"
Miss Lady looked up in pleased surprise.
"That settles it, Connie," she said; "you girls can play for
yourselves. Come on and go to bed, Kiddie," and with Bertie at her
heels, the new mistress of Queerington raced down the hall.
For ten years Doctor Queerington and Mr. Gooch had played pinochle
every Friday evening. The Doctor did not especially enjoy it, except
as one of those incidents that grows acceptable by long repetition. He
was a born routinist, regarding a well-regulated world as a place
where everything ran in the same grooves to eternity. One of his chief
sources of satisfaction in regard to his second marriage was that it
promised not to interfere with those established laws which regulated
his day, from the prompt breakfast at 7:15 to the long hours with his
books in the evening.
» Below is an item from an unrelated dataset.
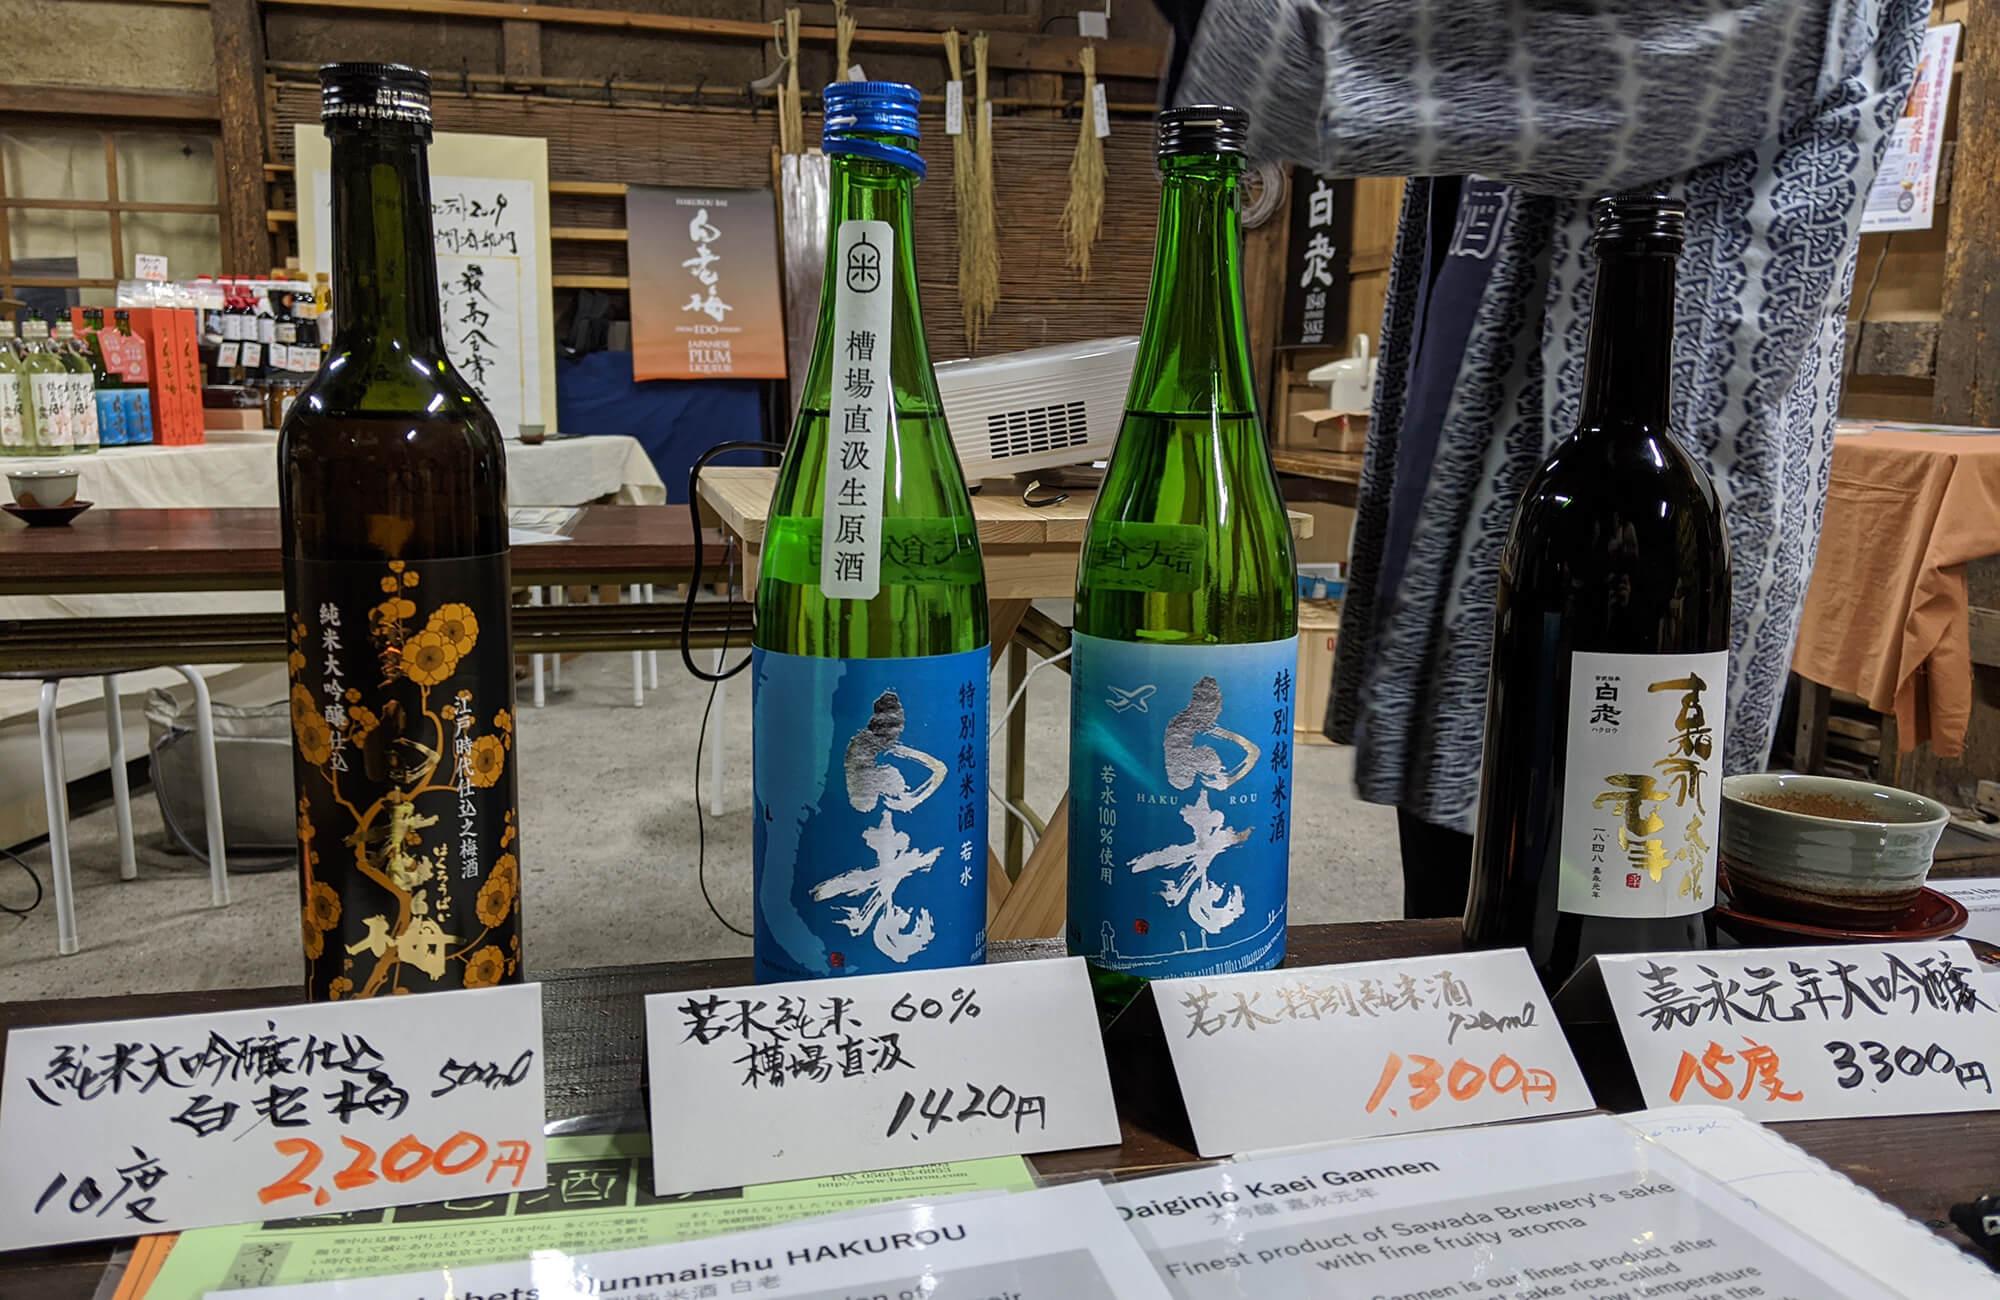 Sawada Shuzo Sake Brewery

In short, Doctor Queerington was a sort of well-
regulated human clock, announcing his opinions as irrevocably as the
striker announces the hours, and ticking along so monotonously between
times that one almost forgot he was there.
If the Friday evening game was to him merely a habit, to Mr. Gooch it
was an occasion. Having once seated himself, and glanced around to
make sure his hand was not reflected in a mirror, he spread his cards
gingerly in his palm with only the corners visible, squared his jaw
and proceeded with solemnity to observe the full rigor of the game.